Il centro nasce nella convinzione che l’architettura possa svolgere un ruolo essenziale nel processo di cura e, conseguentemente, di guarigione.
L’idea è quella di creare un ambiente il più possibile famigliare, dove sia possibile una varietà di ambienti e atmosfere: luoghi di socialità e incontro, o di intimità e raccoglimento, a seconda dei diversi stati d’animo degli ospiti. Il design si ispira all’impianto del chiostro monacale ed è caratterizzato da una serie di contrasti: estroverso-introverso, aperto-chiuso, chiaro-scuro. All’impianto funzionale e flessibile, connotato da un nucleo attorno a cui si distribuiscono gli spazi terapeutici, di consulenza e confronto, di socialità e di relax, si aggiungono elementi di design e arredo dal sapore “domestico”: il camino, il pianoforte, l’illuminazione diffusa, le armadiature a muro, gli spazi verdi mirano a evocare un senso di calore e a irradiare fiducia e ottimismo. I fronti sono bivalenti. Verso University Medical Centre Groningen, la facciata “istituzionale” è un involucro massivo in laterizio con sottili fenditure vetrate; sul fronte più “privato”, la facciata prospiciente il giardino è smaterializzata, grazie alle ampie vetrate e ai pergolati di legno che lasciano filtrare il giardino con il canneto, invitando a sperimentare il passaggio delle stagioni. Anche qui, laterizio negli involucri e legno negli interni e negli spazi comuni all’aperto evocano atmosfere morbide e avvolgenti.

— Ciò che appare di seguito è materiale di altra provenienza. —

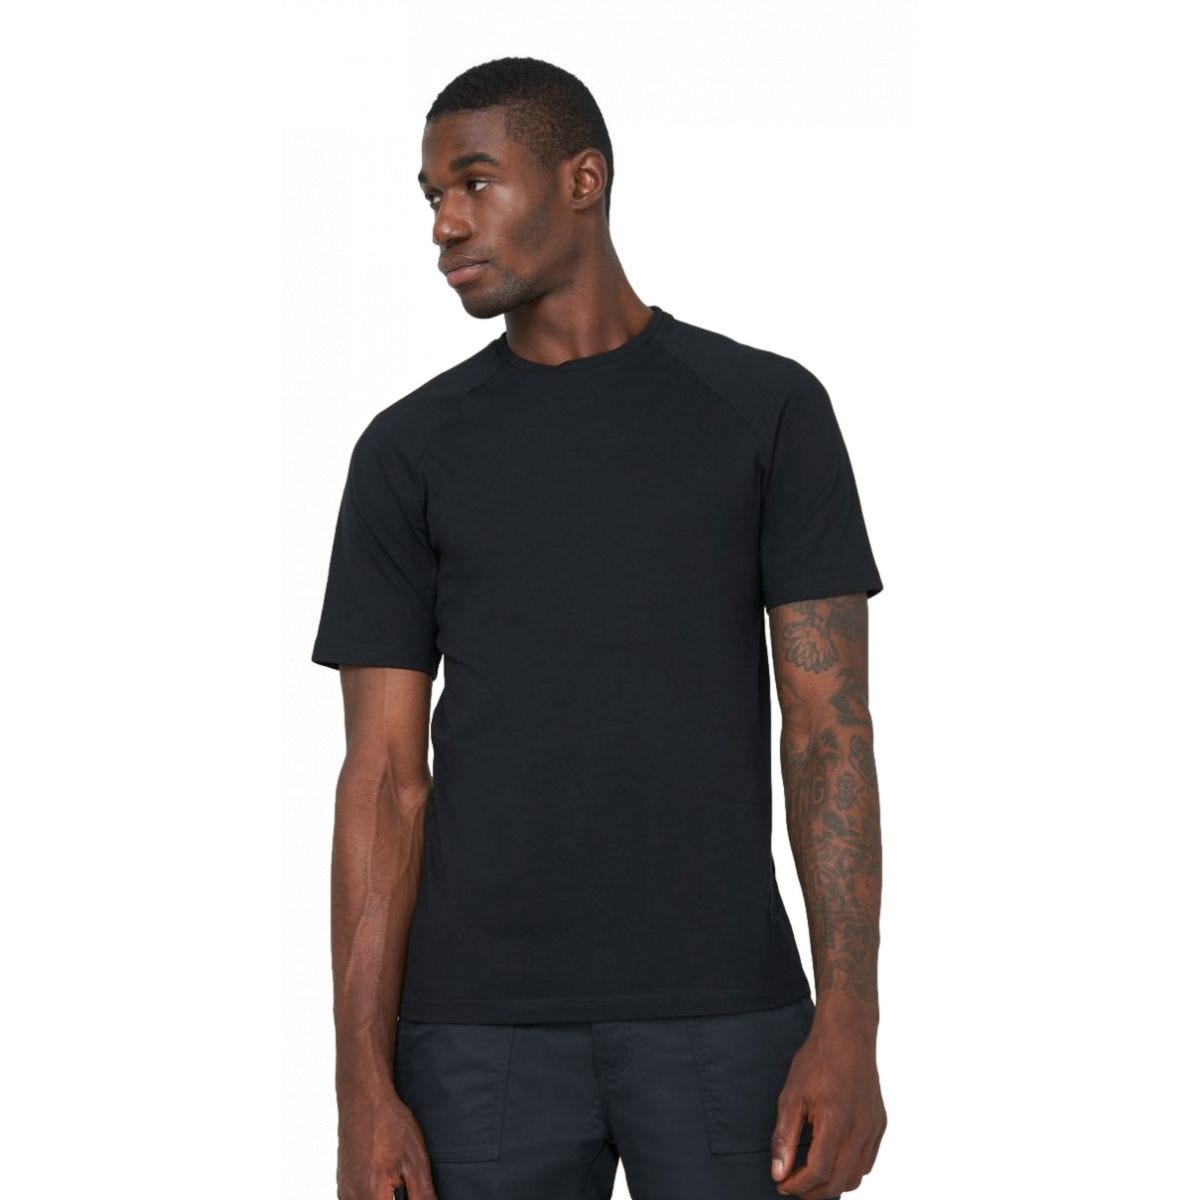 Tee-shirt Temp-IQ Noir - Dickies - Taille S 2
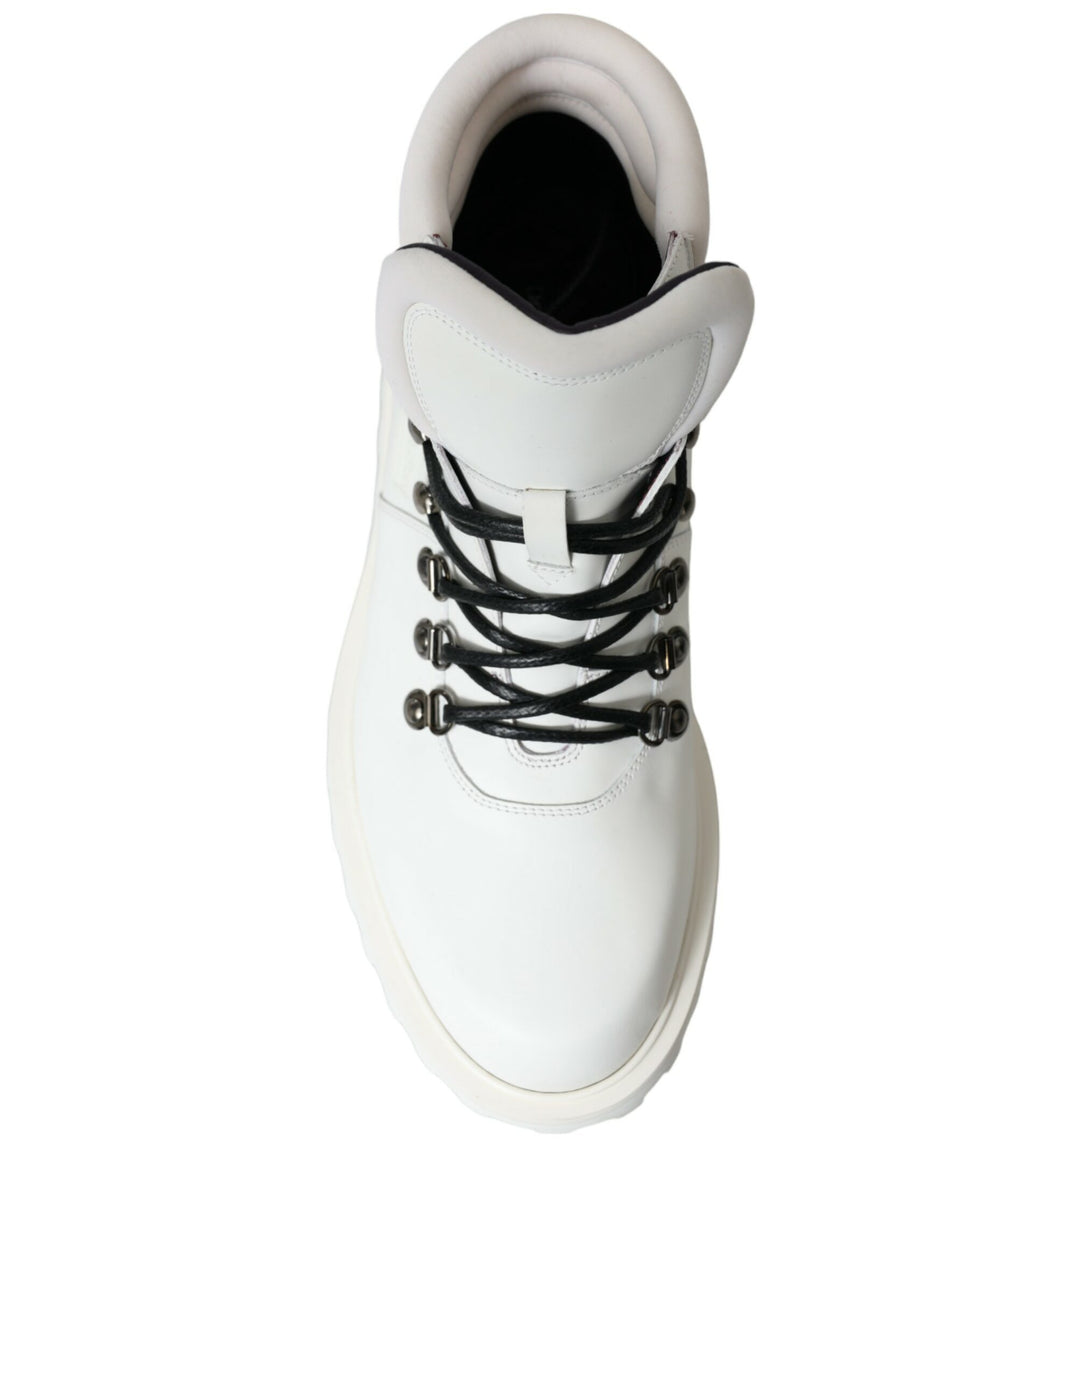 Dolce & Gabbana White Vulcano Trekking Ankle Boots Shoes

“The designs of Marlies Rohmer are tender and made with love”: così recita il report della Giuria dell’Amsterdam Prize for the Arts 2008, assegnato al Suo studio. Pensa che il fatto che lei è una professionista donna possa aggiungere un plusvalore al fare architettura?
Direi di no, non ne farei proprio una questione di genere. Con lo Studio abbiamo progettato opere di grandi dimensioni e interventi minuti, affrontando con entusiasmo le sfide più diverse. Non sono affezionata a un “genere” nel progettare. Il mio concetto di architettura si fonda su un’idea di spazio in cui si sta bene come in una “casa”; in cui si impara, ci si cura e si guarisce; un’architettura che mantenga nel tempo immutati integrità formale e costruttiva e il dialogo con il contesto, senza essere un oggetto avulso e autoreferenziale.
Un’architettura tutt’altro che concettuale ma calata concretamente nei bisogni materiali e immateriali di chi la vive. Un’architettura dove la normalità è un valore. Questo approccio è proprio di un’etica della professione in senso lato, senza prerogative di genere.